The reason: Each EMV chip card issued has two sets of digital card validation codes: a CVC for the magnetic stripe and a different, integrated CVC (or iCVC) for the EMV chip. Card issuers keep both codes on file, as well as a secret dynamic code unique to that chip, to verify the authenticity of every card transaction.
As a result, it’s impossible to clone a chip card. While skimmers and shimmers can create a cobbled-together mag stripe clone, it won’t buy them anything with merchants and banks that are following standard card security protocols. And those noncompliant operators who aren’t watching the store are fast diminishing as U.S. cardholders trade in their mag stripes for chips.
“The EMV mechanism is such that you can authenticate that that card is real and that it hasn’t been tampered with. Taking the data from a shimmed card doesn’t get you that data,” Billett explains. “If you look at the reports from Europe based on when EMV was introduced, going back 10 years now, their cure for redemption fraud in skimming is way, way down and dropped pretty much consistent with the EMV rollout. So hopefully we can get there very soon.”
The only U.S. terminals that would be fooled by a shimmed card are fast disappearing, according to Mastercard spokeswoman Beth Kitchener. In fact, Mastercard’s EMV partner Visa estimates that counterfeit fraud has declined by 50 percent at chip-enabled merchants, according to Visa vice president of risk and authentication products Stephanie Ericksen.
Because cards that have been cloned through shimming must rely on their mag stripe and not a chip to commit fraud, “shimmed cards can only be used in in-store retail environments that have not upgraded to EMV chip technology,” Kitchener notes.
tap-and-go save the day?
OK, so maybe the odds are very slim that your card will ever be shimmed and cloned.
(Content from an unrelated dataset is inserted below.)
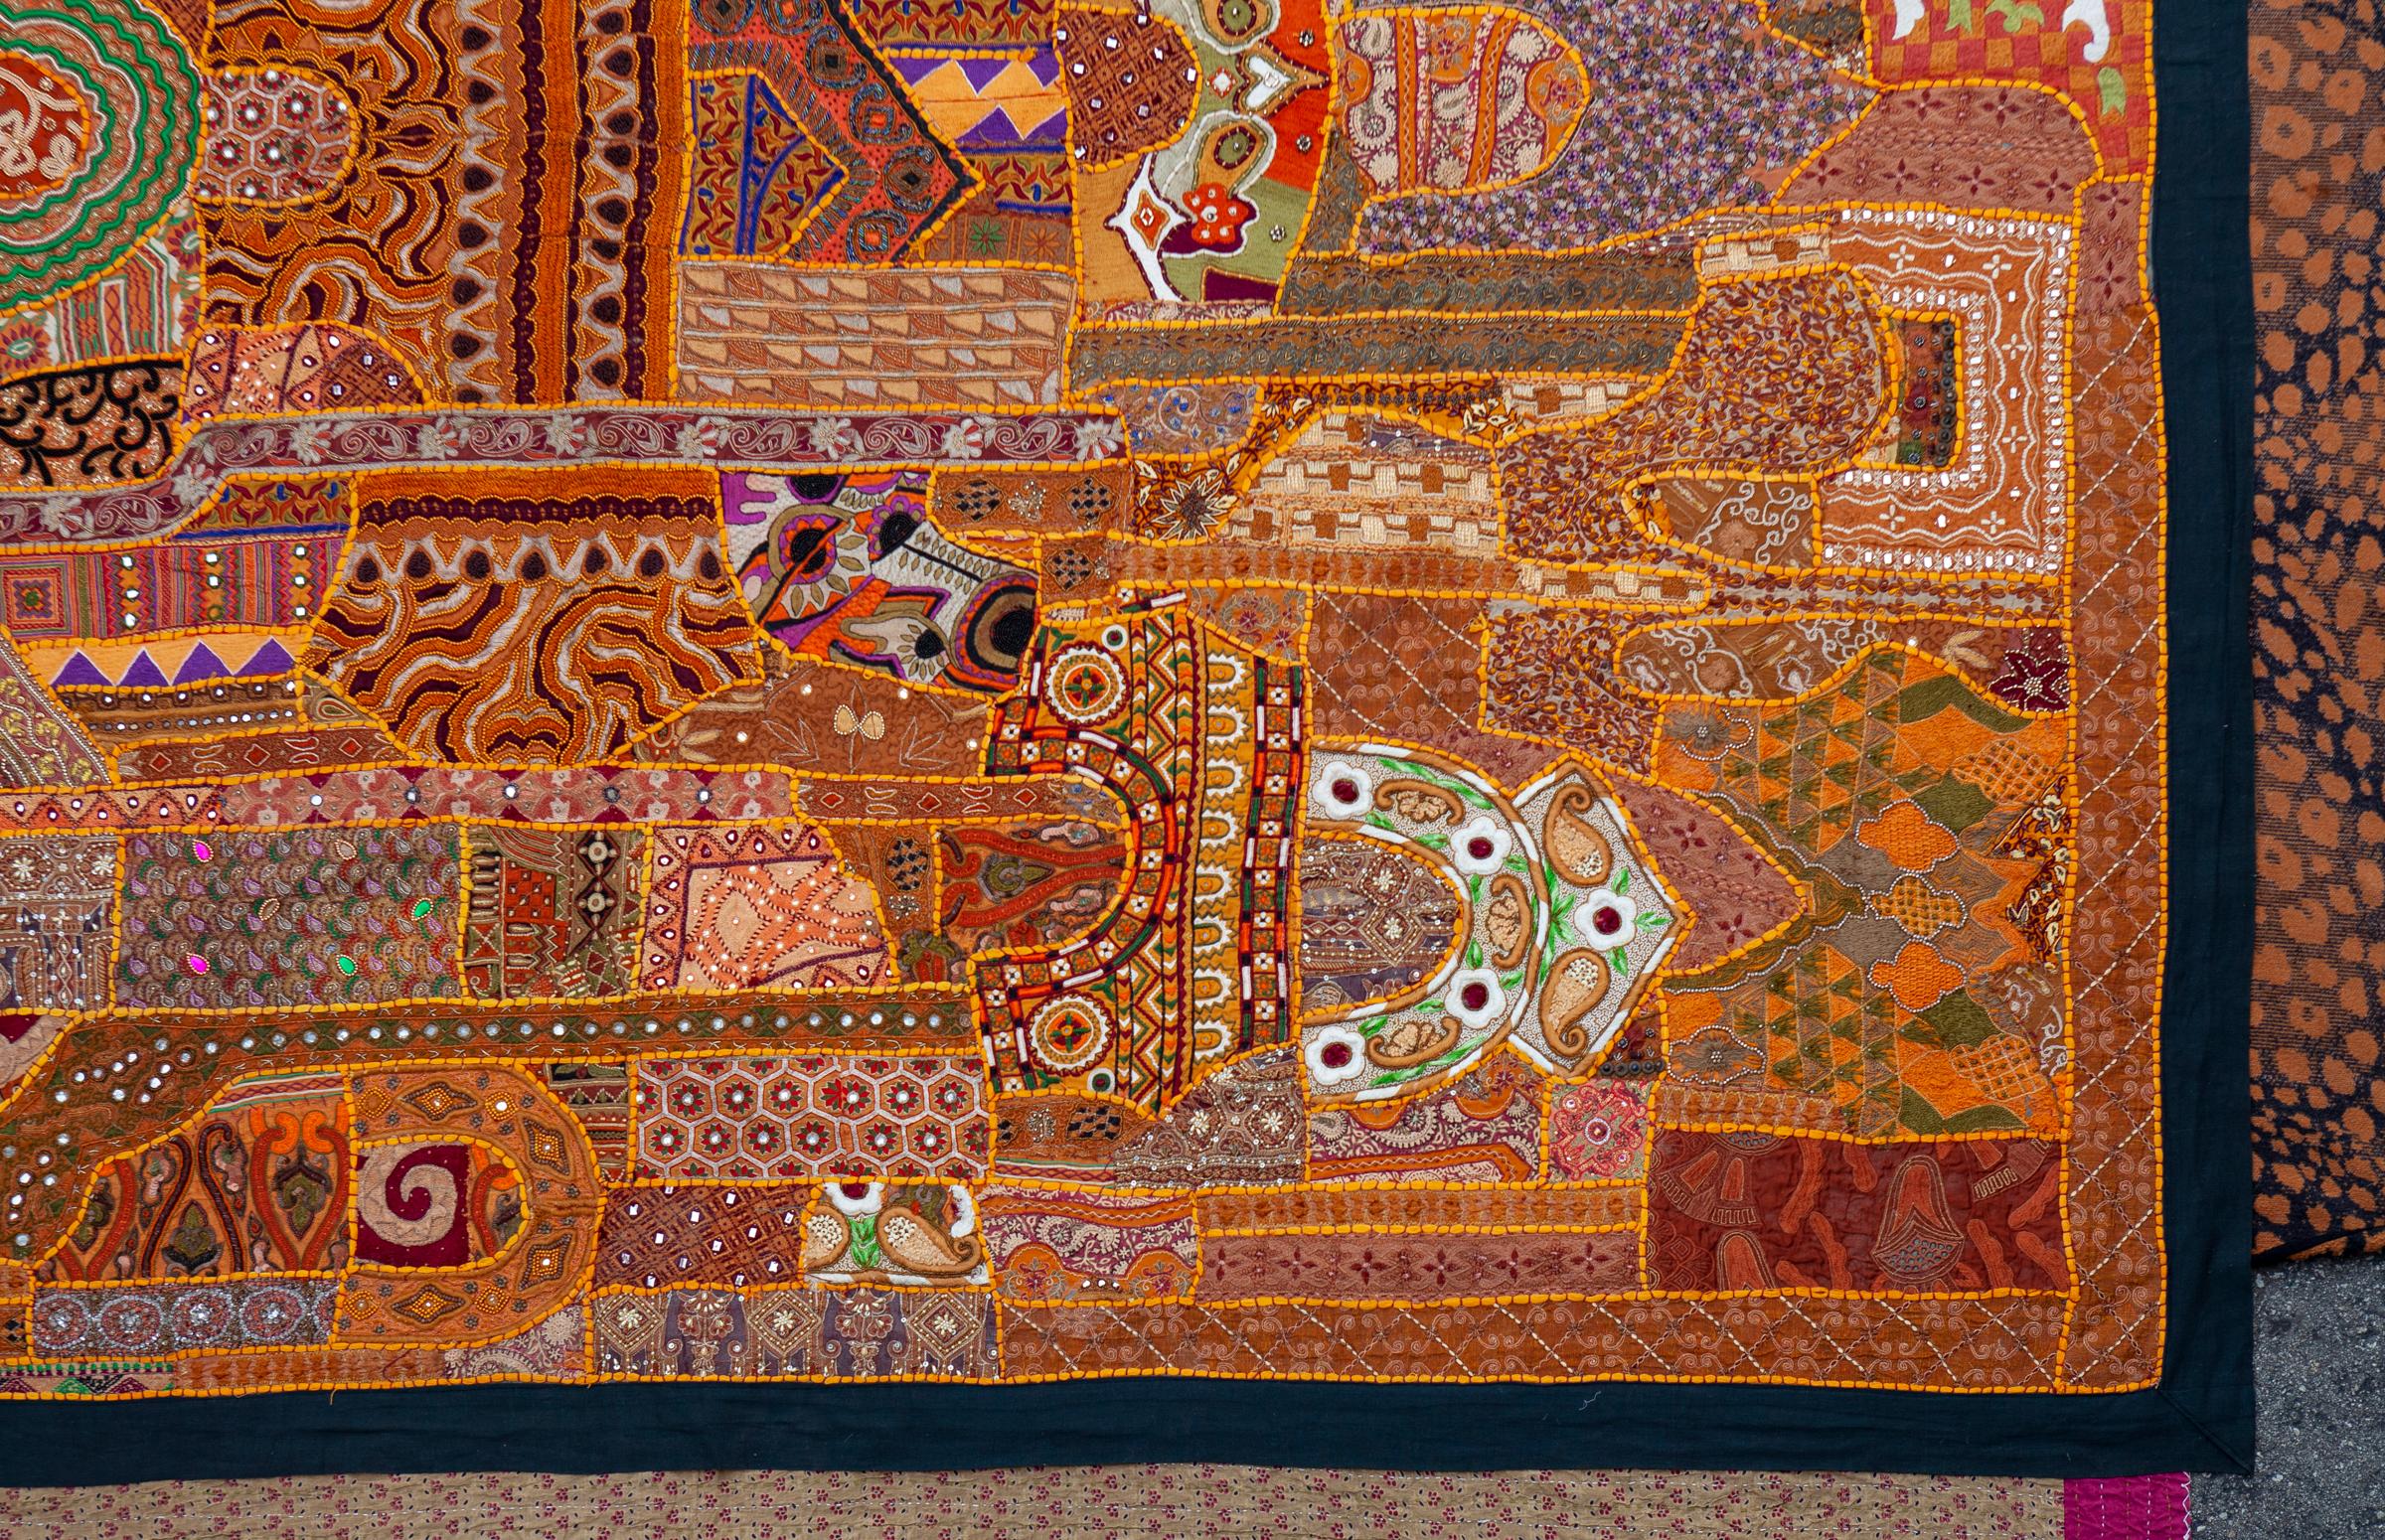 Orange East Indian sequined wall hanging/tapestry. Hand made with antique fabric from India. Some of the fabrics are from antique saris & include glass beading, metal threads & sequins. Finished with black border.
8’7” long x 7’ wide.

What steps can you take to mitigate even that remote risk?
In addition to closely monitoring your account for unauthorized purchases and setting text and email alerts and maximum ATM withdrawal limits on your cards, you may want to explore a tap-and-go contactless card or mobile pay apps such as Apple Pay or Samsung Pay rather than dip your chip.
“Tap-and-go or contactless cards would also help eliminate skimming or shimming,” explains Kitchener. That’s because each tap-and-go transaction uses limited banking information that prevents it from being used for fraud.
Video: How EMV chips are made
It was easy for Canada’s RCMP to recommend that consumers switch to tap-and-go, given that 95 percent of the cards up north support contactless payments and 8 out of 10 Canadian retailers have terminals with Near Field Communication (NFC) capability – a wireless technology that allows data to be exchanged between two different devices, such as a cellphone and a credit card terminal, from a short distance away.
Contactless payment forms are “actually very secure,” the RCMP’s McLaughlin explained. “Each tap transfers very limited banking information, which can’t be used to clone your card.”
Contactless cards are still the exception rather than the rule in the U.S., due in part to the rocky rollout of EMV and the reluctance of many banks and merchants to pay extra for terminals with an NFC antenna.
They are, however, expected to flood the U.S. soon. Contactless card shipments, which numbered 25.5 million in 2015, are expected to balloon to 405 million in 2021, according to a study released in November 2016 by ABI Research.
Whether you dip or tap, in the rare case you fall victim to a “shimmer,” rest assured: Both Visa and Mastercard have got your back.
“Cardholders should try their best to protect themselves from fraud. If this isn’t possible, they are protected by zero liability, which ensures they are never held responsible for fraudulent purchases,” Kitchener says.